Définition — Restriction et prolongement
Soit \(f : E \to F\) une application.
  • Pour \(A \subset E\), la restriction de \(f\) à \(A\) est l'application \(f|_A : A \to F\) définie par \(f|_A(x) = f(x)\) pour tout \(x \in A\). La restriction réduit l'ensemble de départ.

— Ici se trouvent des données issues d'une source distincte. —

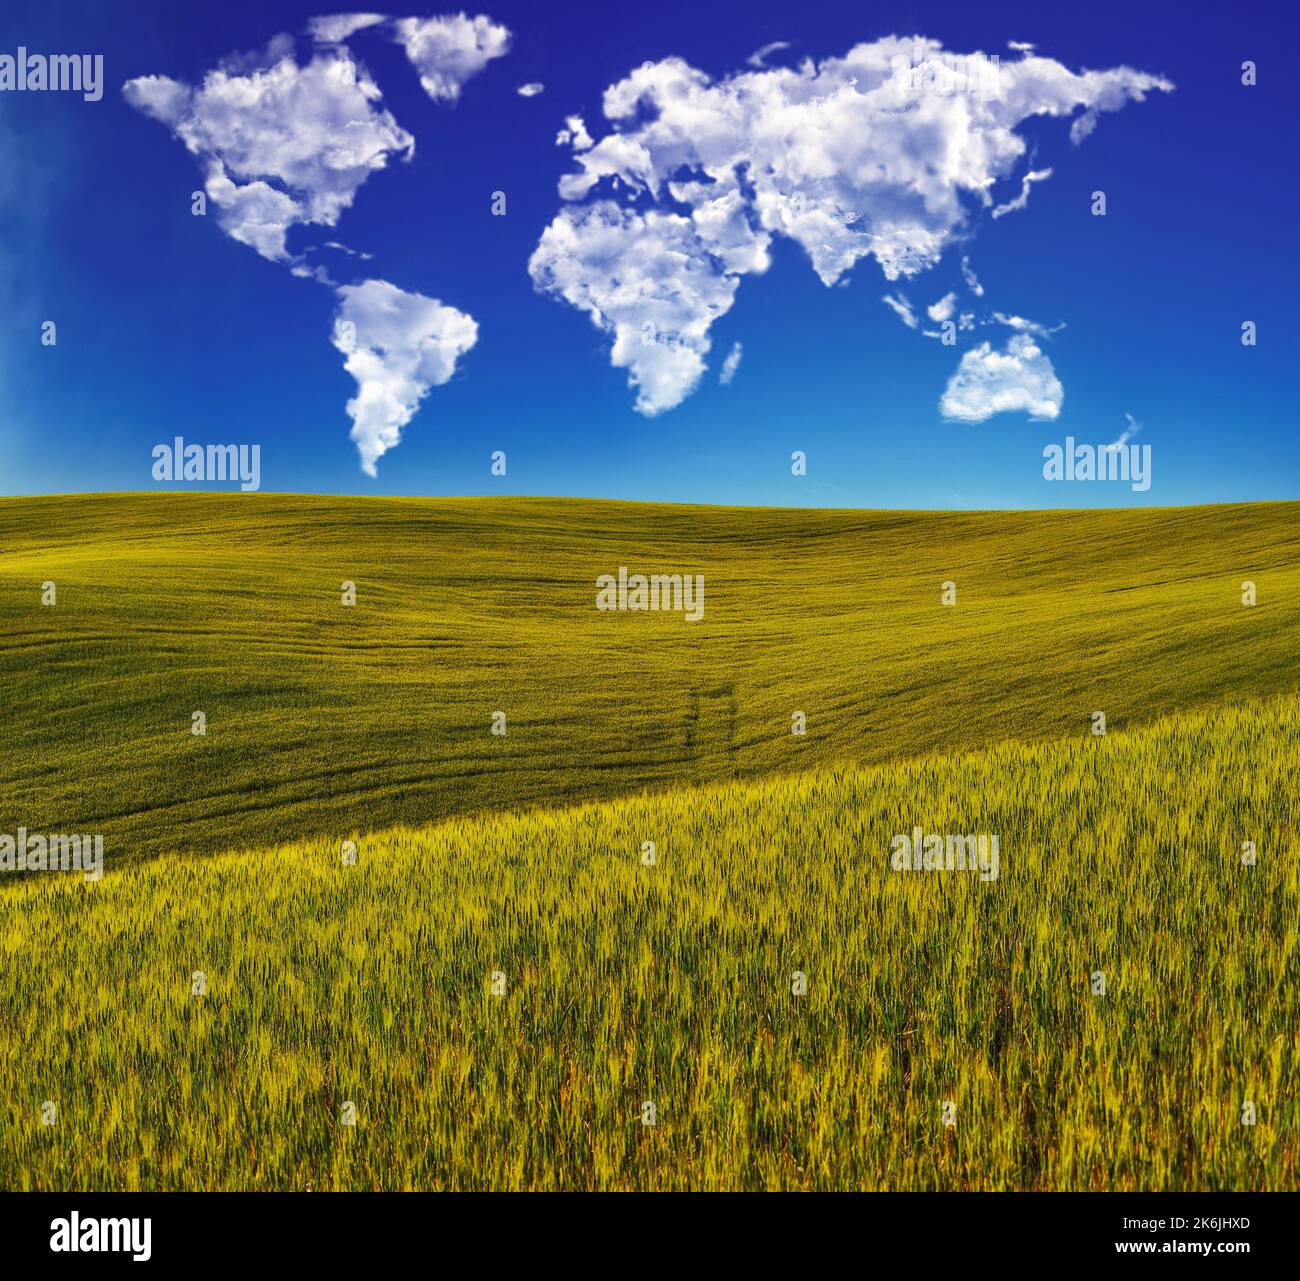 nuages sous la forme d'une carte du monde sur un champ vert. paysage conceptuel. champ vallonné Banque D'Images

  • Réciproquement, un prolongement de \(f\) à un sur-ensemble \(E_1 \supset E\) est toute application \(g : E_1 \to F\) telle que \(g(x) = f(x)\) pour tout \(x \in E\). Le prolongement agrandit l'ensemble de départ. Un prolongement existe dès que \(F \ne \emptyset\) (on attribue à chaque nouveau point une valeur quelconque de \(F\)) ; une application admet plusieurs prolongements précisément lorsque l'ensemble de départ agrandi est strictement plus grand (\(E_1 \supsetneq E\)) et que l'ensemble d'arrivée possède au moins deux éléments (\(|F| \ge 2\)), car les points de \(E_1 \setminus E\) peuvent alors être envoyés sur des images différentes. En revanche, la restriction à une partie \(A\) donnée est toujours unique.
Exemple
La fonction carré \(f : \mathbb{R} \to \mathbb{R}_+, \ x \mapsto x^2\) admet la restriction \(f|_{\mathbb{R}_+} : \mathbb{R}_+ \to \mathbb{R}_+, \ x \mapsto x^2\). La restriction est croissante sur son domaine, ce qui n'est pas le cas de \(f\). Inversement, l'application \(g : \mathbb{R} \to \mathbb{R}_+, \ x \mapsto x^2\) est un prolongement de \(f|_{\mathbb{R}_+}\) : elle a le même ensemble d'arrivée \(\mathbb{R}_+\) et vérifie \(g|_{\mathbb{R}_+} = f|_{\mathbb{R}_+}\). Le prolongement n'est pas unique : toute application \(h : \mathbb{R} \to \mathbb{R}_+\) qui coïncide avec \(x \mapsto x^2\) sur \(\mathbb{R}_+\) --- par exemple \(h(x) = x^2\) pour \(x \ge 0\) et \(h(x) = 0\) pour \(x < 0\) --- est aussi un prolongement de \(f|_{\mathbb{R}_+}\).
Compétences à pratiquer
  • Calculer des restrictions
I.3 Fonction indicatrice
Définition — Fonction indicatrice
Soient \(E\) un ensemble et \(A \subset E\). La fonction indicatrice de \(A\) (ou fonction caractéristique) est l'application \(\mathbf{1}_A : E \to \{0, 1\}\) définie par $$ \mathbf{1}_A(x) = \begin{cases} 1 & \text{si } x \in A, \\ 0 & \text{si } x \notin A. \end{cases} $$ Connaître \(A\) et connaître \(\mathbf{1}_A\), c'est la même chose : la partie \(A\) se retrouve par \(A = \{x \in E \ \mid \ \mathbf{1}_A(x) = 1\}\). L'application \(A \mapsto \mathbf{1}_A\) est une correspondance un-à-un entre \(\mathcal{P}(E)\) et \(\{0, 1\}^E\).
Exemple
Sur la droite réelle, le graphe d'une fonction indicatrice est une fonction en escalier : elle saute à \(1\) au-dessus de \(A\), et vaut \(0\) partout ailleurs. Pour \(E = \mathbb{R}\) et \(A = [1, 2] \cup [3, 4]\) :
La partie \(A\) est « peinte » en dessous : au-dessus de \(A\) l'indicatrice vaut \(1\), ailleurs elle vaut \(0\). L'ensemble est encodé par la fonction et la fonction par l'ensemble.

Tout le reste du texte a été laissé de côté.